Spiral Dynamic Colors

Joseph Dillard

The following is taken from “Healing Integral,” which is available as a free or “pay what feels right” download here. In either case, the text is requested by emailing [email protected]. A summary of “Healing Integral” has been posted on IntegralWorld.net and is available here. Those who share a solution focus on increasing the relevance of Integral for the world are invited to join our working group, the Integral Healing Reading Group on Facebook.
Wilber needs to return to the classical spectrum if he must use color metaphors at all.

The advantage of using colors to indicate levels of development boils down to shorthand. It is less klunky and more user-friendly for Integral to use "green" than "late personal." Unfortunately, by doing so, AQAL has encouraged people at mid-personal levels of cognitive development and beyond to wonder if it takes itself seriously. If it does not take itself seriously, you and I need not either. While it may seem trivial, the Wilber-5 developmental color scheme remains anchored to Beck and Cowan's color choices in ways that distort its usefulness and intelligibility.[18] As most students of Integral know, "Spiral Dynamics" is the name of the work of Beck and Cowan, based on the research of Graves, regarding color descriptions of what Integral calls levels of development. For purposes of egalitarianism and in an attempt to reduce issues of hierarchy, Beck and Cowan gave developmental levels color names that are arbitrary.[19] Beck and Cowan were trying to de-emphasize stages of development and instead emphasize flow, process and the interchangeability of different world views dependent on whether you are at work or at a football game. As noted in the chart below, early, mid- and late prepersonal are beige, purple and red; early, mid- and late personal are blue, orange and green; Wilber's vision-logic is represented by yellow and early, mid- and late transpersonal are represented by turquoise.

There are several problems with this approach. The first and most important is that these color designations of developmental levels, because they are arbitrary descriptions of actual evolutionary processes, are destined to be superseded by different, less arbitrary descriptors, rather like the metric system has won out over "feet and miles" everywhere except the US, Myammar and Liberia, and will eventually become the norm there as well. Beck's colors are not founded on reason, logic or anything experiential. If Beck and Cowen had not been caught up in being politically correct egalitarians they would have figured that out.[20] If Wilber had not been intent on demonstrating his flexibility and commitment to pluralism and egalitarianism he would have followed his instincts and stayed with his original formulations in Wilber-1, which were rational, in that they followed the electromagnetic spectrum. Instead, he adopted the Beck-Cowen usages.

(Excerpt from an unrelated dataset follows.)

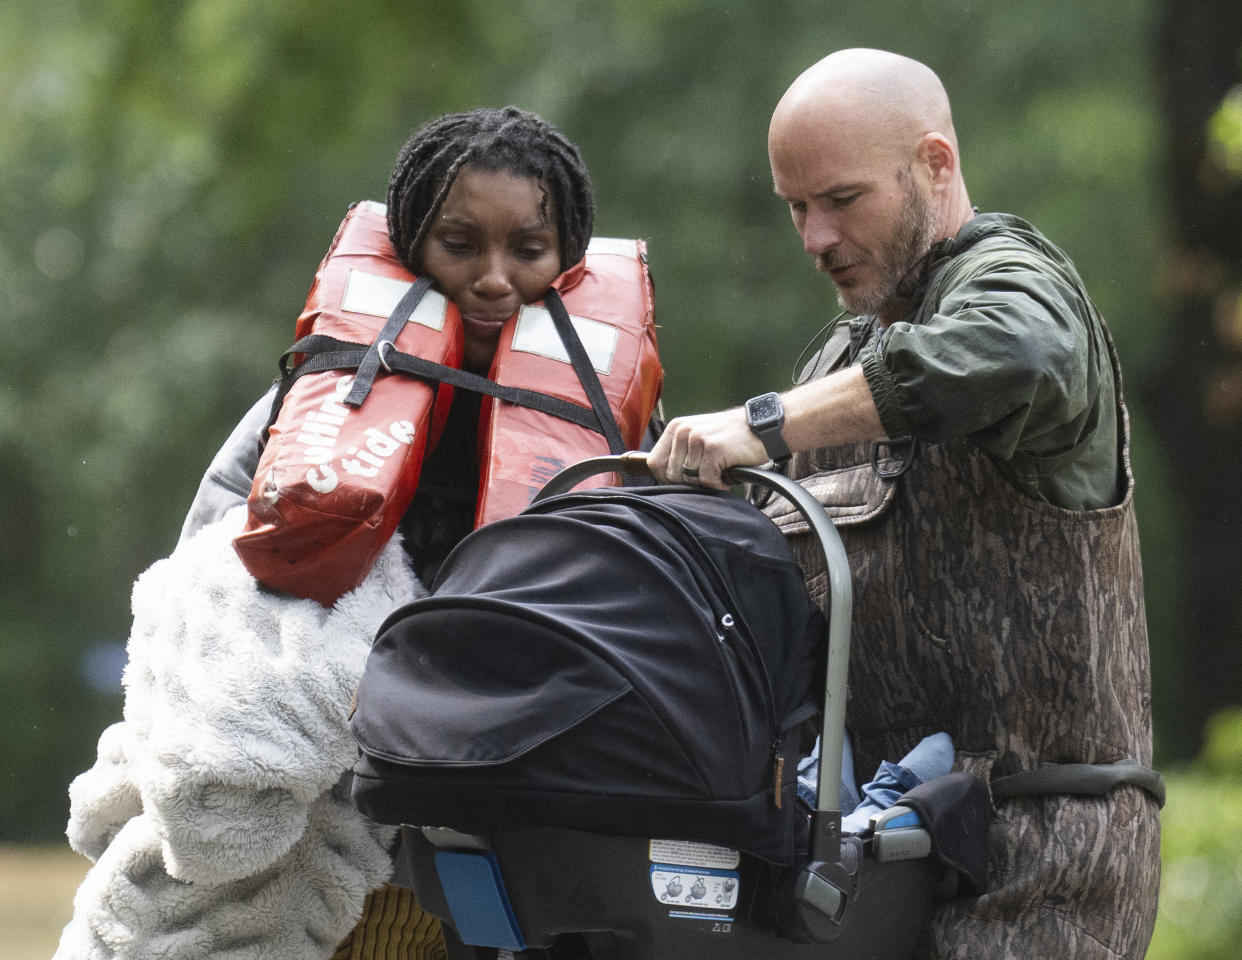 A woman is handed her child after being evacuated by boat.

These color designations, because they are arbitrary, constitute jargon. Jargon is defined by Merriam-Webster as "the technical terminology or characteristic idiom of a special activity or group," or "obscure and often pretentious language marked by circumlocutions and long words," "confused or unintelligible language," "strange, outlandish or barbarous language or dialect," In other words, using this color shorthand constitutes a form of inscrutable elitism to an outsider who stumbles across a sentence such as the following: "As the Left had added a green branch to its orange foundation, the Right added an orange branch to its amber foundation."[21] This is almost worthy of the I Ching. If you are not a matter of the elite community of believers this is gibberish.[22] If you are describing a set progression, if you want to make sense and be consistent, if you want to affirm rationality as a precursor to late personal or any higher level of development, you need a naming scheme that is also a logical progression. If you want to use colors, fine; then you follow the order of the colors of the spectrum, as the chakra system does, for example.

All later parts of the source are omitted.